The models were trained on sequences of 8,192 tokens using document-level masking to prevent self-attention from crossing document boundaries. An important finding from the training process was that model performance continued to improve log-linearly well beyond the Chinchilla-optimal compute allocation. While the Chinchilla-optimal amount of training data for an 8B parameter model is roughly 200 billion tokens, Meta observed continued gains when training on two orders of magnitude more data (15 trillion tokens), which informed their decision to overtrain the smaller models significantly [1]. The same logic applied at the largest scale: compute-optimal scaling laws would have suggested a smaller dataset for a 405B parameter model, but Meta deliberately overtrained to improve inference-time efficiency, since serving costs scale with parameter count rather than with the original training token budget.

Meta reported location-based CO2 emissions of approximately 11,390 metric tons for the LLaMA 3.1 family and 12.9 metric tons for the LLaMA 3.3 70B fine-tuning run, with a market-based net of zero achieved by matching electricity consumption with renewable energy purchases [16][7].

post-training

Instruct-tuned variants of all LLaMA 3 models underwent supervised fine-tuning on publicly available instruction datasets along with over 10 million human-annotated examples. Post-training also included reinforcement learning from human feedback (RLHF) using rejection sampling and direct preference optimization (DPO) to align model outputs with human preferences.

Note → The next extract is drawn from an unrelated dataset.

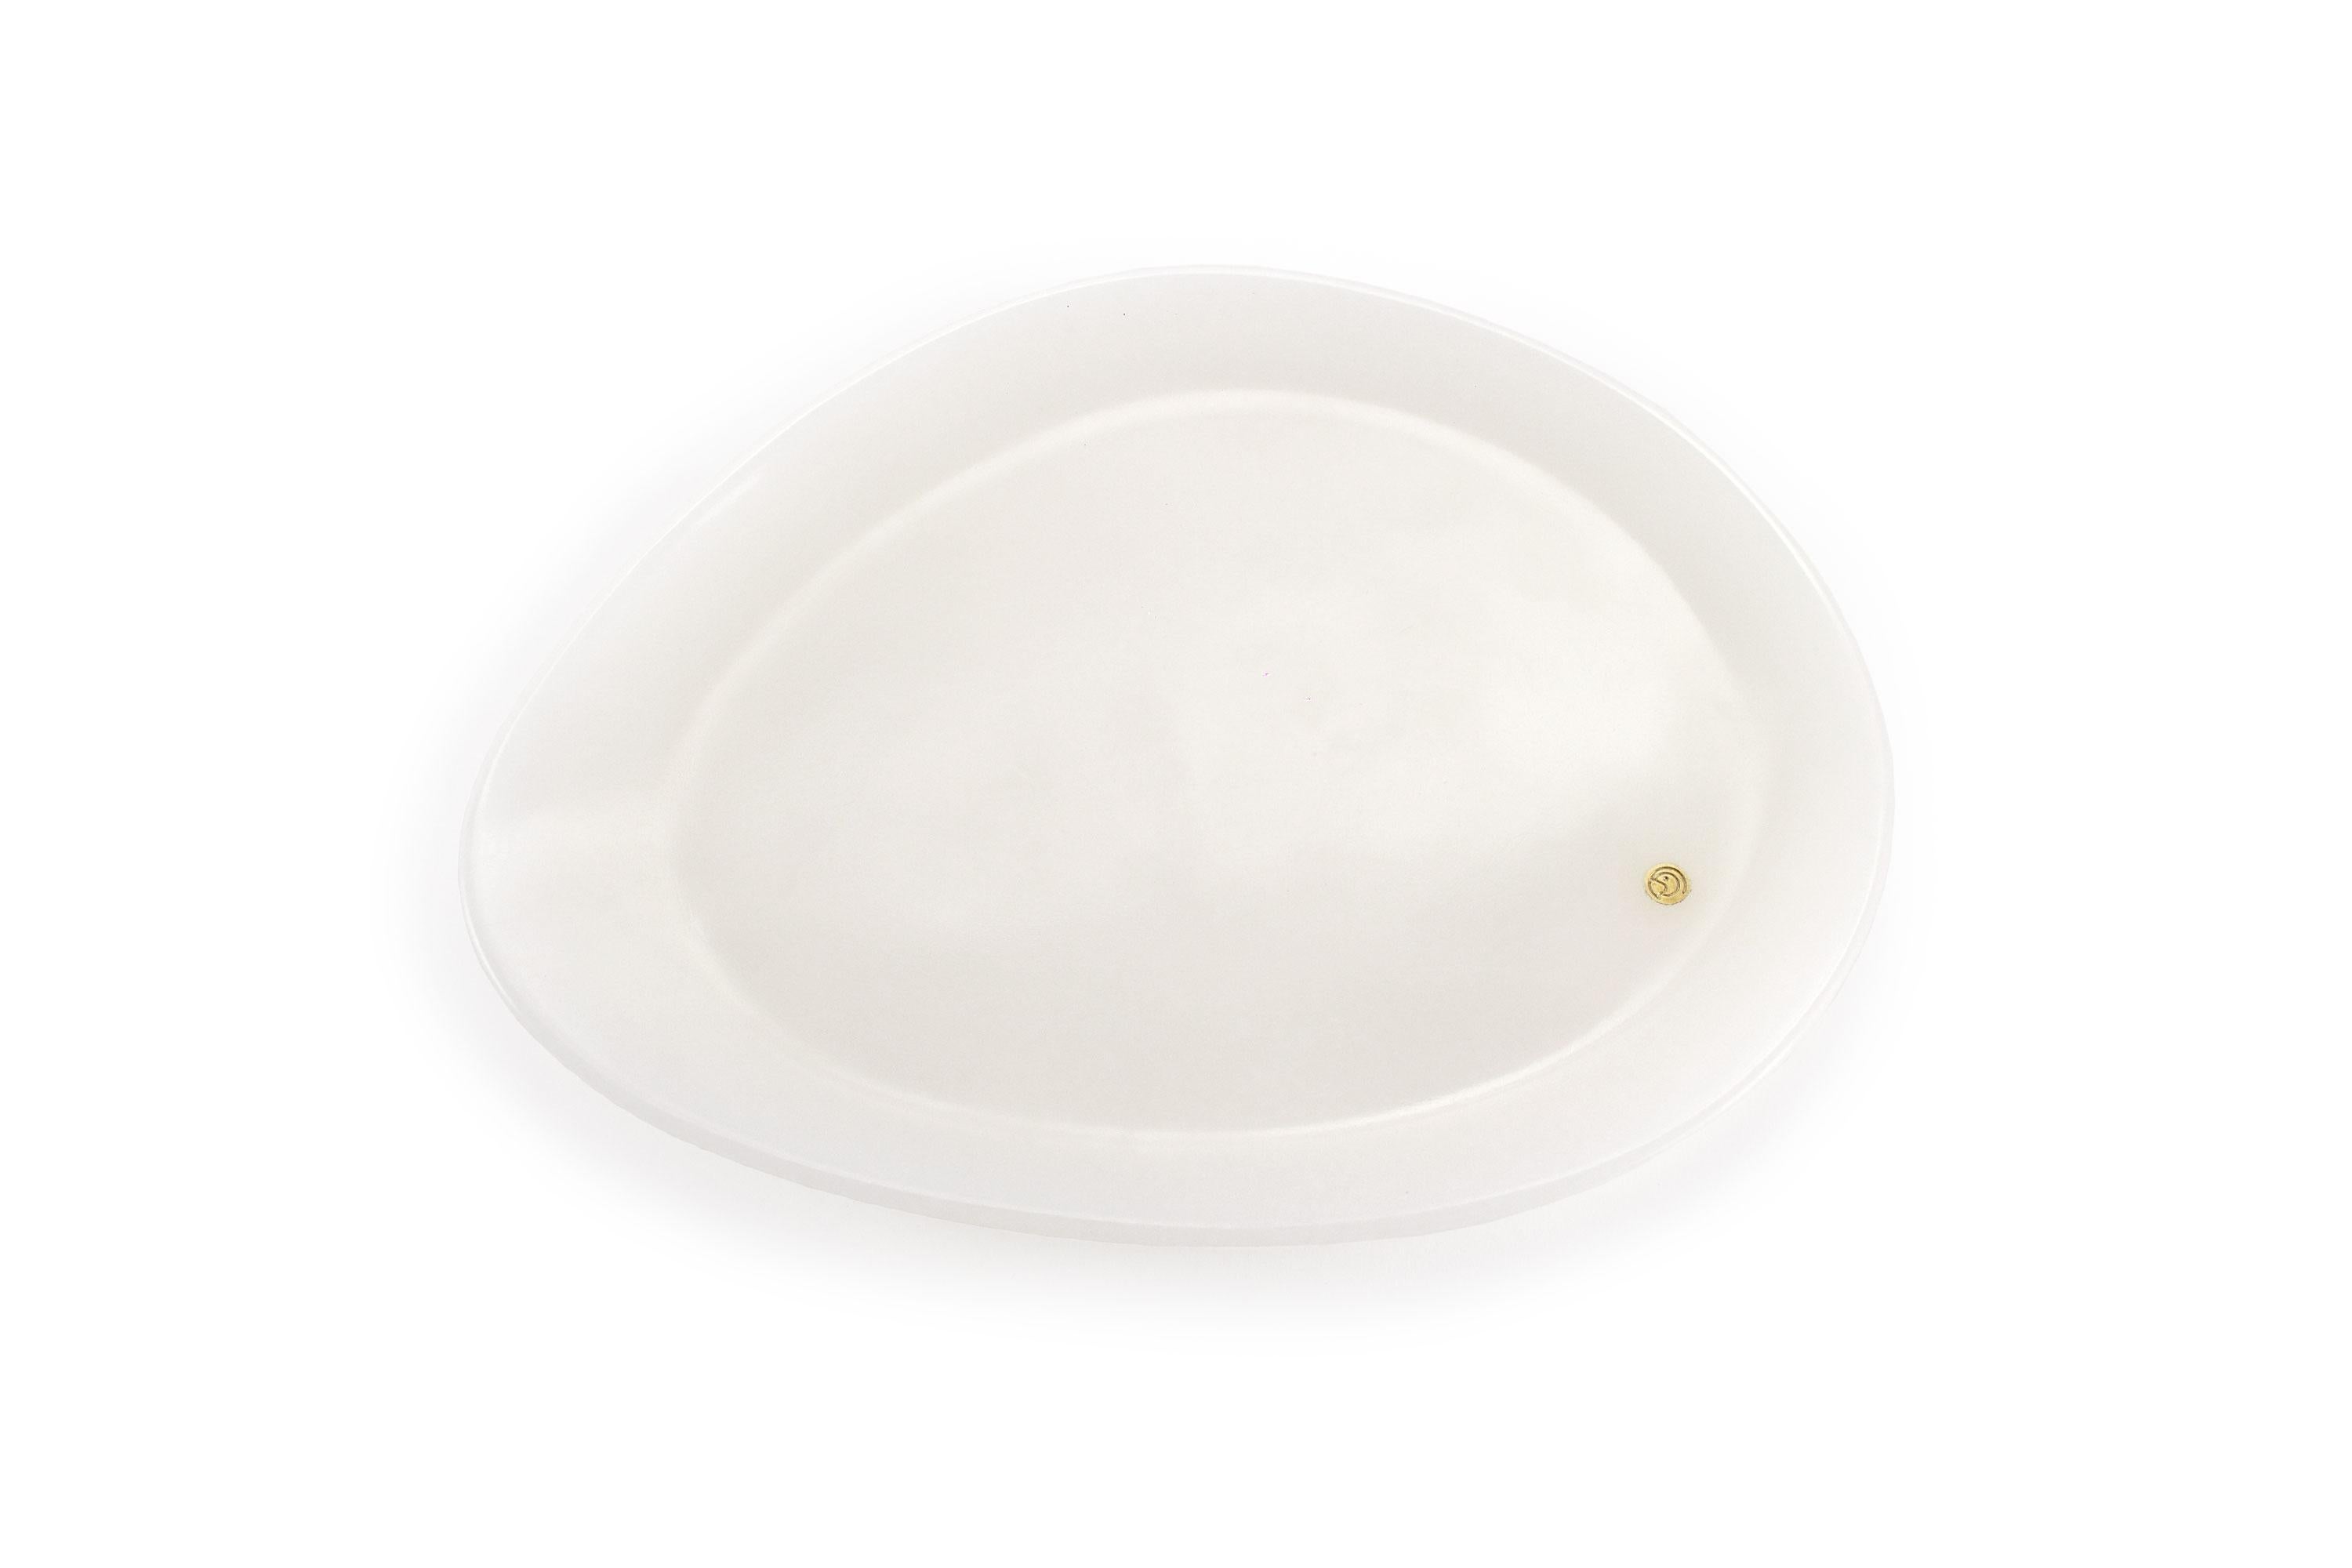 Hand carved presentation plate from White onyx. Multiple use as plates, platters and placers. The polished finishing underlines the transparency of the onyx making this a very precious object. 

Dimensions: Small L 24, W 20, H 1.8 cm, also

The post-training pipeline followed multiple iterative rounds. In each round, the model was first fine-tuned on curated instruction data (SFT), then improved through rejection sampling (RS) where the model generated multiple candidate responses and a reward model selected the best ones, and finally refined through DPO where the model learned to prefer higher-quality outputs over lower-quality alternatives [3]. This iterative approach allowed each round to build on the improvements of the previous round, progressively improving both helpfulness and safety. Several rounds also incorporated synthetic data generation, using earlier checkpoints to bootstrap higher quality instruction data for later rounds.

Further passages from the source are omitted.